We have all seen news reports of the massive sums that the United States, the UK and other western allies invested in Afghanistan—eye-watering amounts that no doubt could have been put to better use in many ways. Many Members will have seen various images of Taliban fighters entering the gaudy palaces of former Afghan Government officials, generals or businessmen—some appeared to be all three at once—in which they are playing on gym equipment, marvelling at the décor or sitting in vast empty banqueting halls. Such venal officials make an easy target for scorn, but while they must share their part of the blame for the plunder of Afghanistan, we, too, must ask how they were able to get away with it for so long.

While it is easy to put the worst excesses of coalition control in Afghanistan down to an inherently corrupt culture—an accusation that we know to be orientalist, discriminatory, racist and ultimately wrong, regardless of how many times it is levelled inside or outside this House—we need to consider the fact that corrupt officials needed ways to get their money out of Afghanistan and into bank accounts or assets abroad. So too did the Taliban: they needed need a way to finance their campaign, converting the money they made from opium production or donations into liquid cash that could evade the clutches of security officials in third countries. In the case of both the Taliban and Afghan Government officials, Dubai seems to have been where the alchemy took place. Money came in, money went out; our armed forces were killed, and schools and hospitals went unbuilt.

The questions we need to be asking in this place, however, are about how many financial institutions with links to, or even head offices in, the City of London played a part in the merry-go-round of corruption. Quite frankly, I do not care whether that is looked at by a Joint Committee of the House, the individual Select Committees or—more importantly—a judge-led committee. Whether we like it or not, while much of it took place elsewhere, it could well have been in London—[Interruption.] With due respect, the Minister might listen to what I am saying than have a discussion with my colleagues.

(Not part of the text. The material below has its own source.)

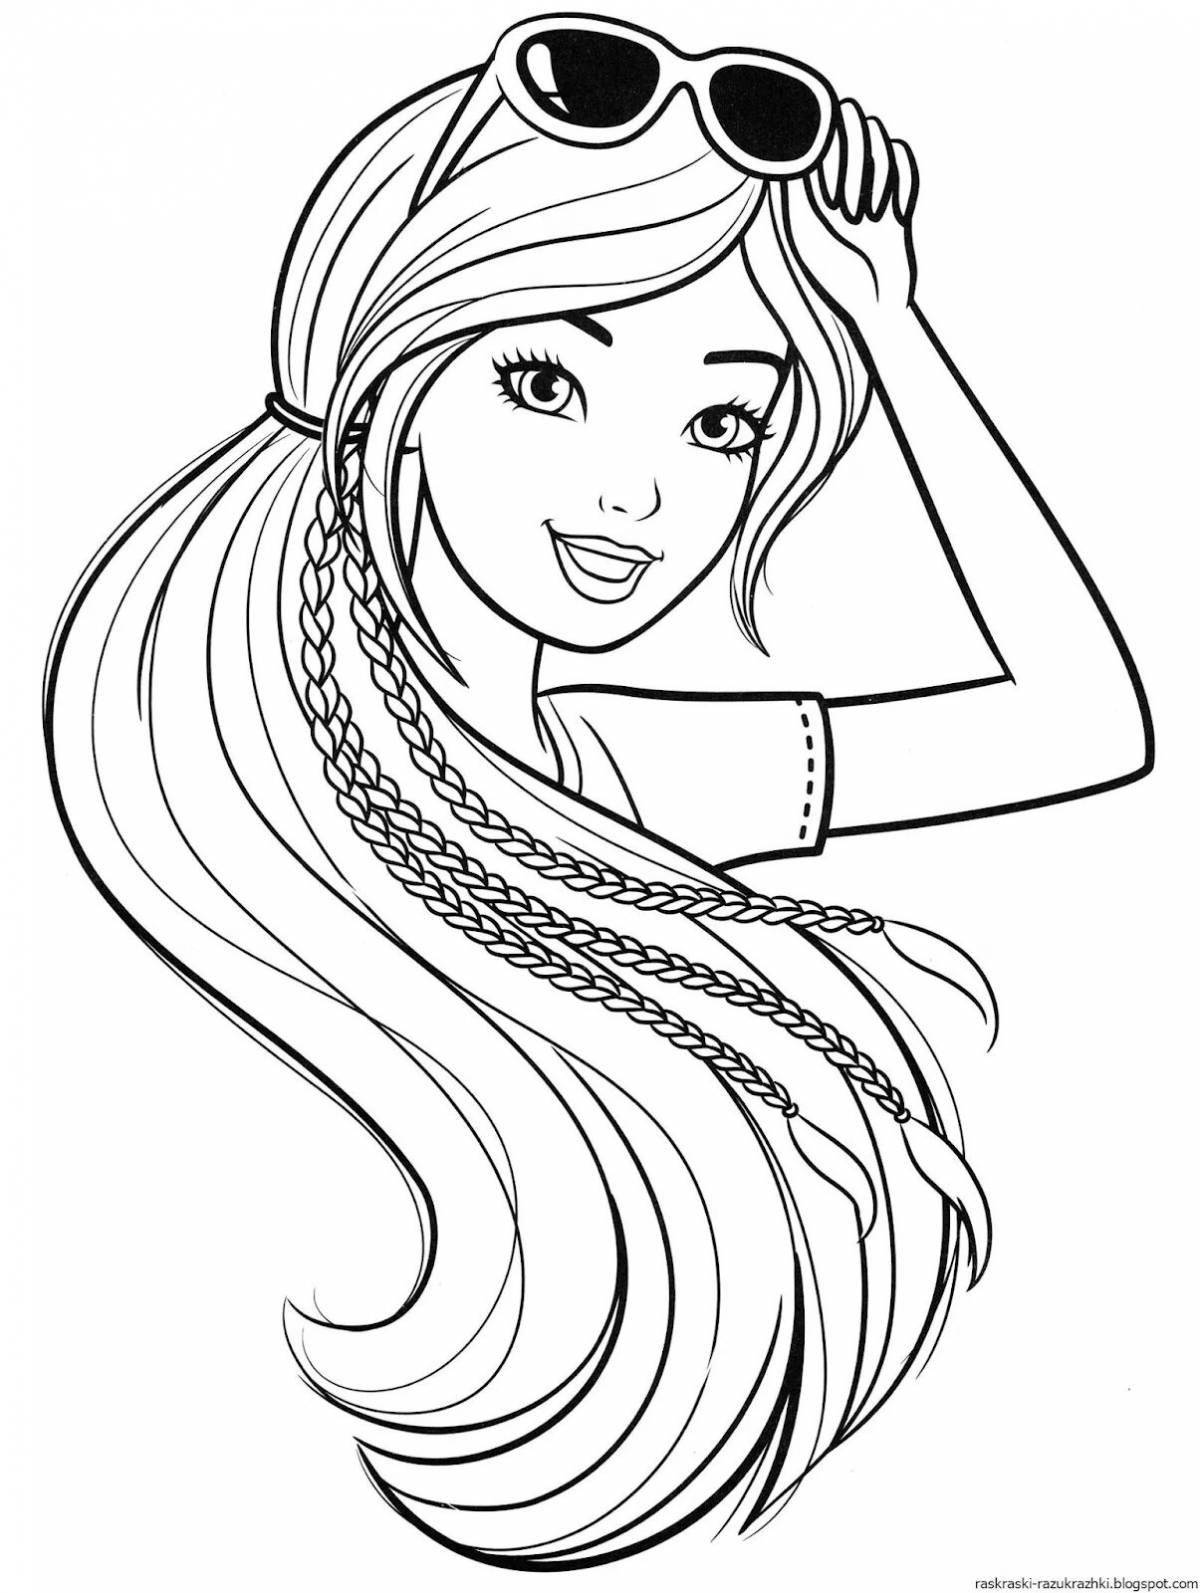 Amazing 11 year old coloring book for girls
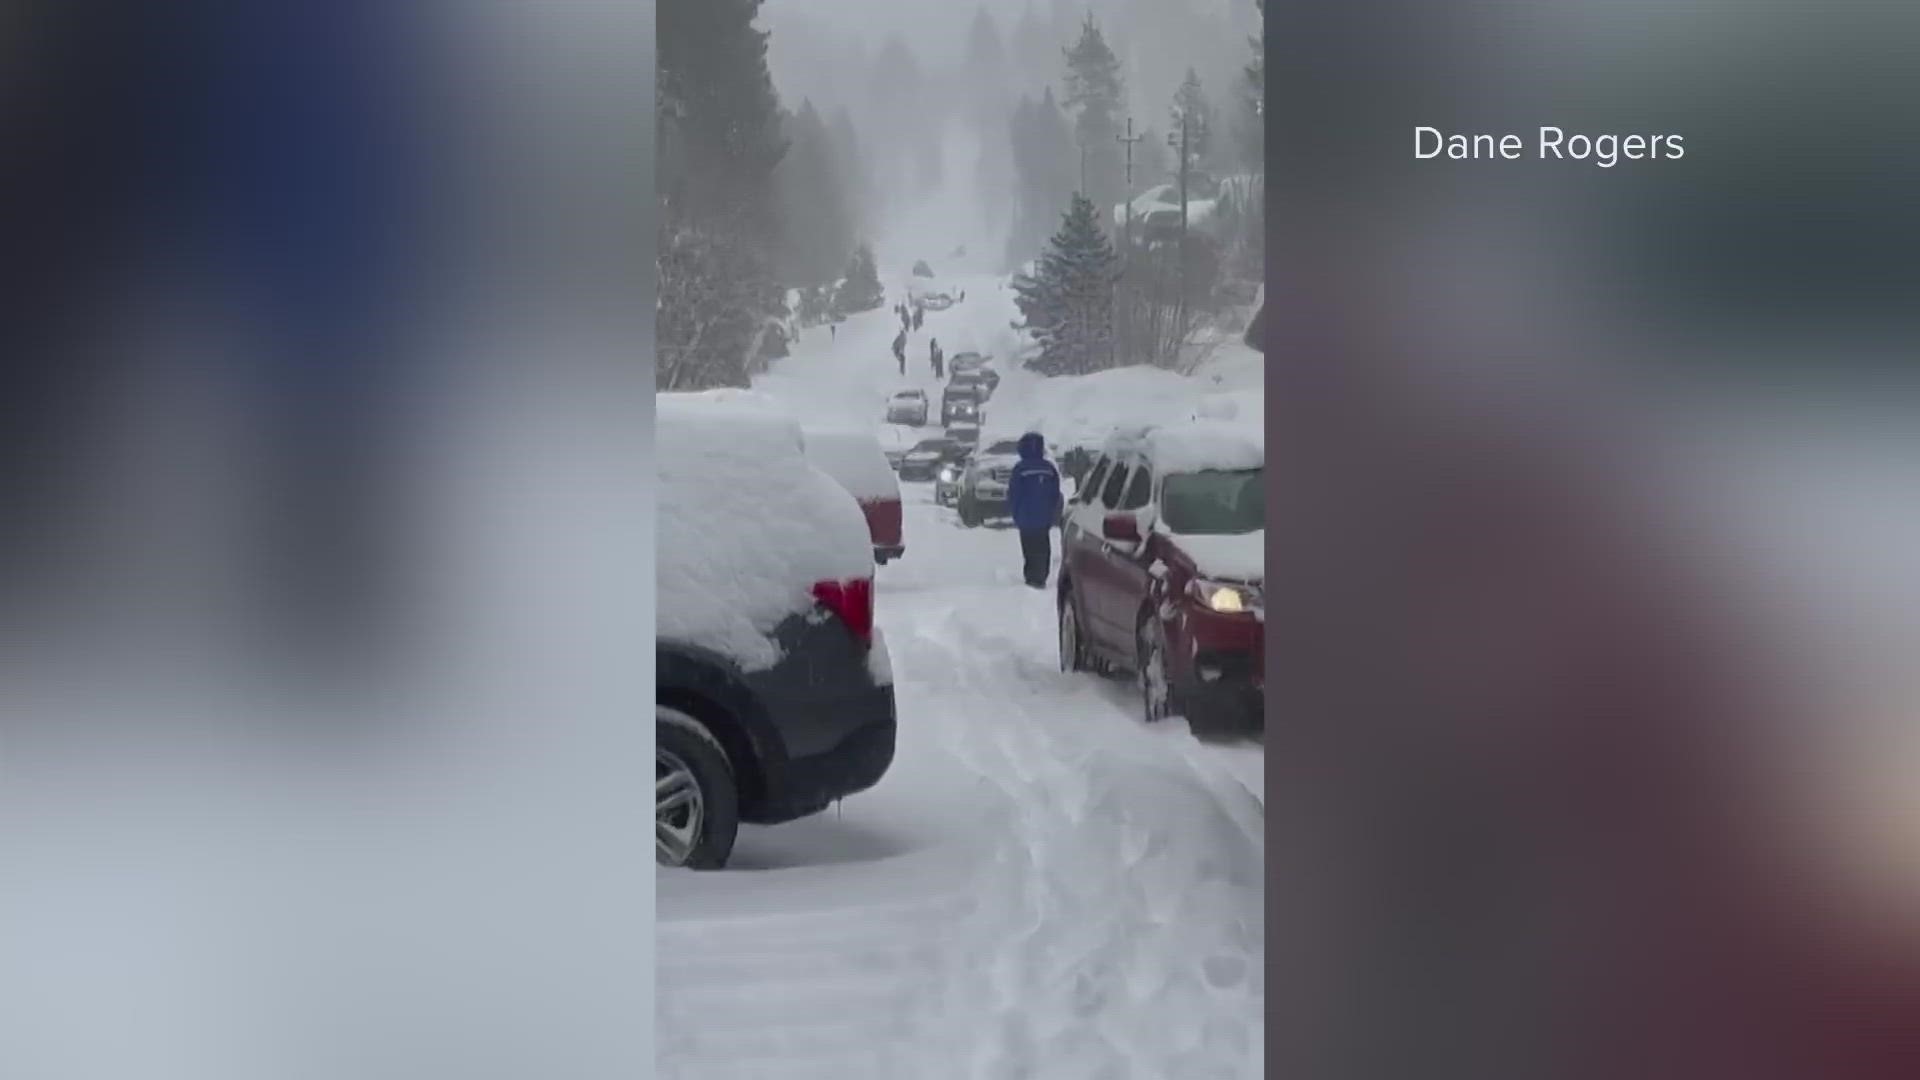 Northern California Storm: I-80 closed, power outages and more - March 3, 2023

London remains the centre of networks that facilitate corruption and graft on a large scale. London property prices remain inflated by investments—large and small—by global elites looking for a safe haven for all their ill-gotten gains, something most memorably demonstrated by the anti-corruption expert Oliver Bullough in his book “Moneyland”. No matter how many times my SNP colleagues or I raise the issue of corruption, we must understand that we need to tackle it, no matter what. I say as a member of the Defence Committee and as someone whose brother served twice in Afghanistan—the Minister for Defence People and Veterans, the hon. Member for Aldershot (Leo Docherty), was his commanding officer—that our armed forces’ will never be applied adequately as long as we allow corruption to flourish at home and abroad.